Fig. 12 Filo di Tour con cue barriere isolanti formate con l'intercalazione di due
gruppi CH2. Notare gli atomi di Zolfo alle estremità, che assicurano il contatto con
gli elettrodi di oro. In basso, lo schema dell'energia in funzione della distanza
attraverso lo spazio fra gli elettrodi, per una tensione applicata. che è sufficiente a
portare i livelli occupati nella parte conduttrice alla stessa energia di uno dei livelli
quantizzati della buca quantica. Gli elettroni così possono passare. Questo è l'analogo
molecolare del RTD basato su GaAs, AlAs.
Si possono immaginare altre strutture o superstrutture molecolari vieppiù complesse,
per assolvere alle varie funzioni di un chip: interruttore molecolare, amplificatore,
elementi logici come porte AND, OR etc. Queste prospettive sono per ora al livello di
calcoli di struttura elettronica molecolare e simulazioni delle corrispondenti strutture
circuitali. Per esempio, nella figura 13 mostriamo un possibile interruttore molecolare
(MITRE 1999).
Fig. 13 Schema di un possibile interruttore di corrente interamente molecolare
In questo caso il segnale nella molecola di "gate" fa ruotare la molecola C in modo da
mettere nella catena il gruppo conduttore X (Y è isolante, come ad esempio il CH2), e
viceversa. Un altro esempio interessante si ha con molecole chiamate rotassani
(Amabilino 1995). Sono molecole in cui una parte anulare (un macrociclo) è proprio
infilata in una parte lineare (fig. 14).
Fig. 14 Esempio di un interruttore molecolare che si basa sulla navetta costituita
dall'anello che con un opportuno voltaggio applicato può essere fatto spostare dal
gruppo benzidinico a quello bifenolico.
Nell’esempio che mostriamo in figura (Bissell 1994) la molecola funziona da
interruttore navetta (“shuttle switch”): è cioè un interruttore reversibile, con il
macrociclo che va avanti e indietro fra in gruppo benzidinico a sinistra e quello
bifenolico e destra. I silossani ai due estremi impediscono all’anello di sfilarsi.

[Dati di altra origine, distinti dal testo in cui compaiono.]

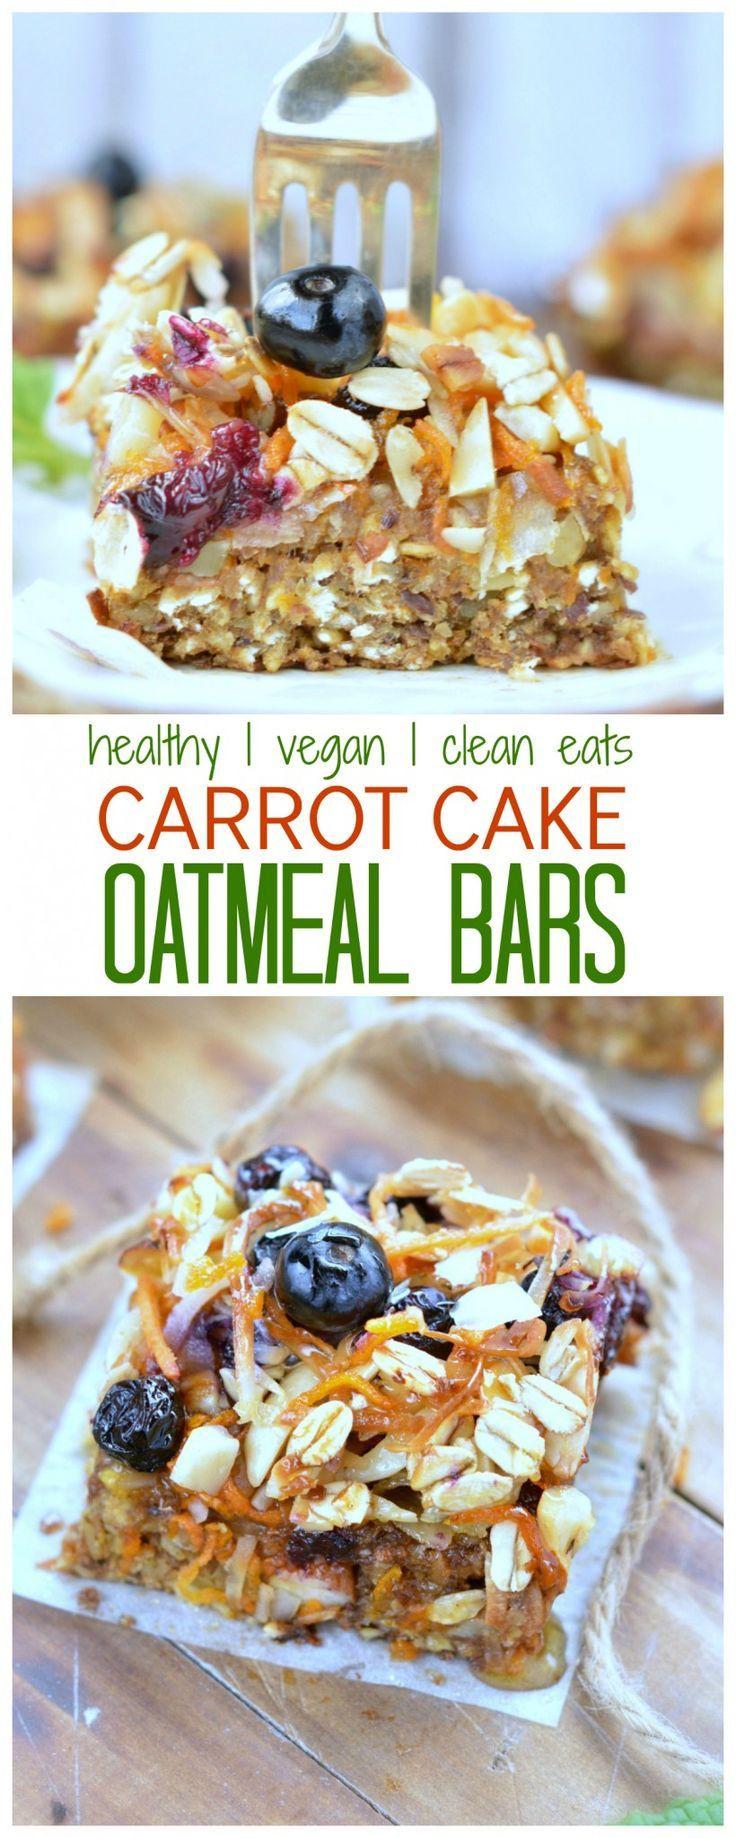 Healthy Breakfast Baking Recipes  Carrot Cake Baked Oatmeal Bars
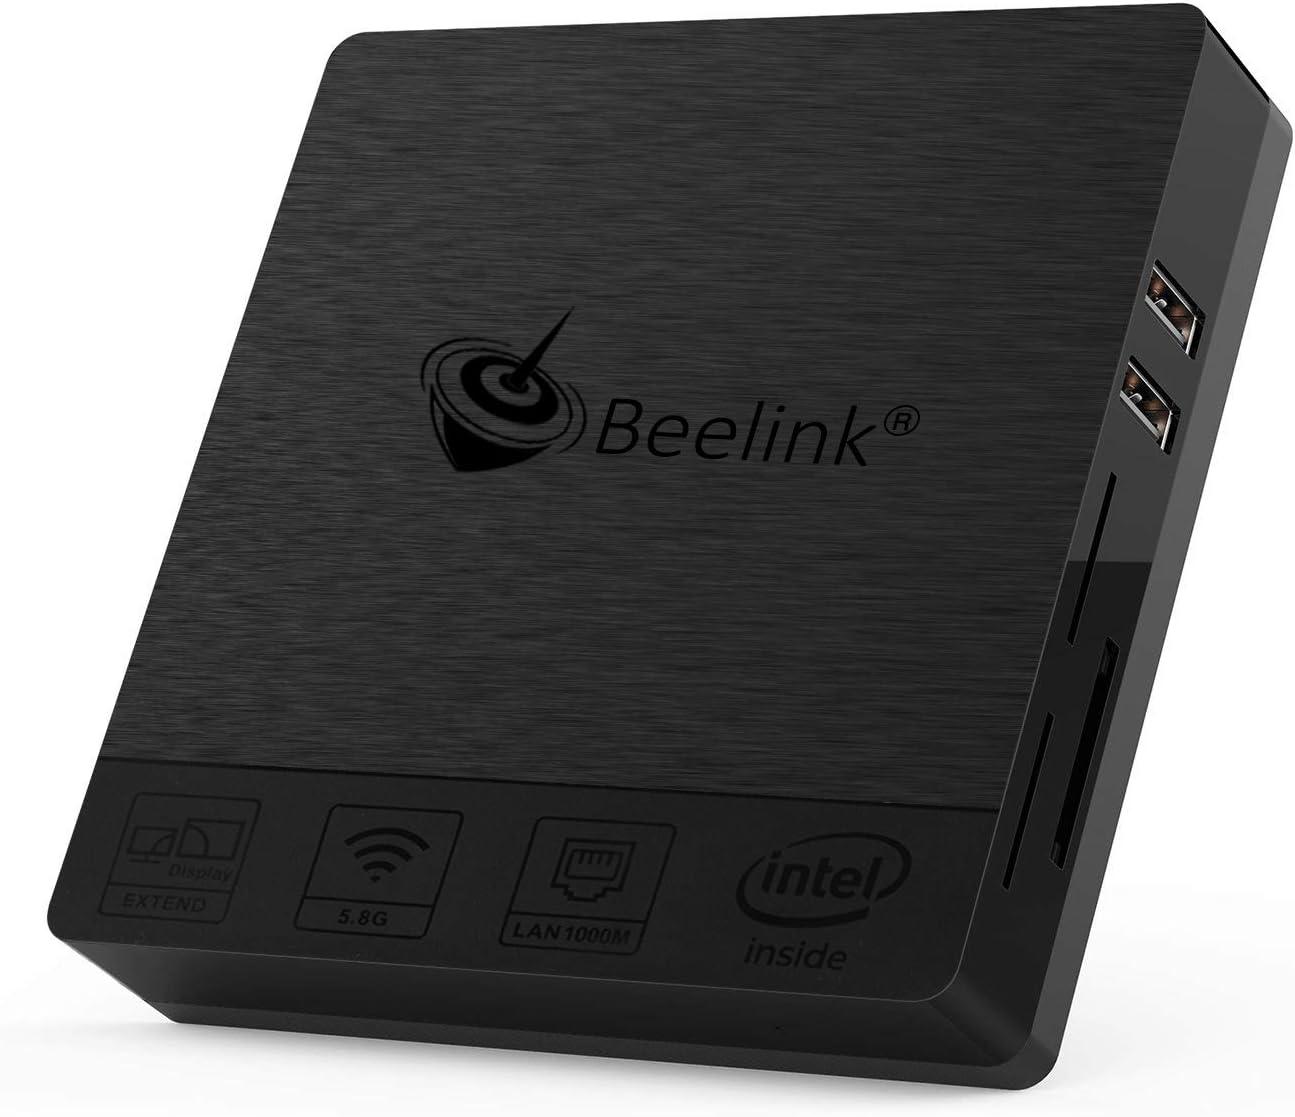 Mini PC - Pc Computer (Intel Apollo Lake, HD Graphics, Gigabit/Bluetooth/Dual-Band/WiFi, Mini PC Windows 10) Mini PC Intel, Mini Computer

L’anello macrociclico contiene 4 gruppi carichi, che sono attratti dai gruppi sull’asse
con eccesso di carica negativa. Dato che il gruppo benzidinico è un migliore donore
che il bifenolico, l’anello passa la maggior parte del tempo su gruppo di sinistra. Se
però si toglie un elettrone da questo gruppo, l’altro diventerà più attraente e lo
“shuttle” molecolare passerà dall’altra parte. Il processo si chiama ossidazione
elettrochimica. Recentemente un’applicazione di questo tipo di molecola (peraltro
non a livello della singola molecola) è stata fatta per costruire una porta logica il cui
elemento attivo era il monostrato di un rotassano (Collier 1999). Nella figura 15
mostriamo le caratteristiche del dispositivo: all’inizio, l’interruttore è chiuso, e lo
stato viene sondato applicando un voltaggio negativo all’elettrodo. L’interrutore si
apre ossidando la molecola applicando un voltaggio all’altro elettrodo di +0.7 V.
Ancora, si riinterroga il dispositivo applicando tensione negativa.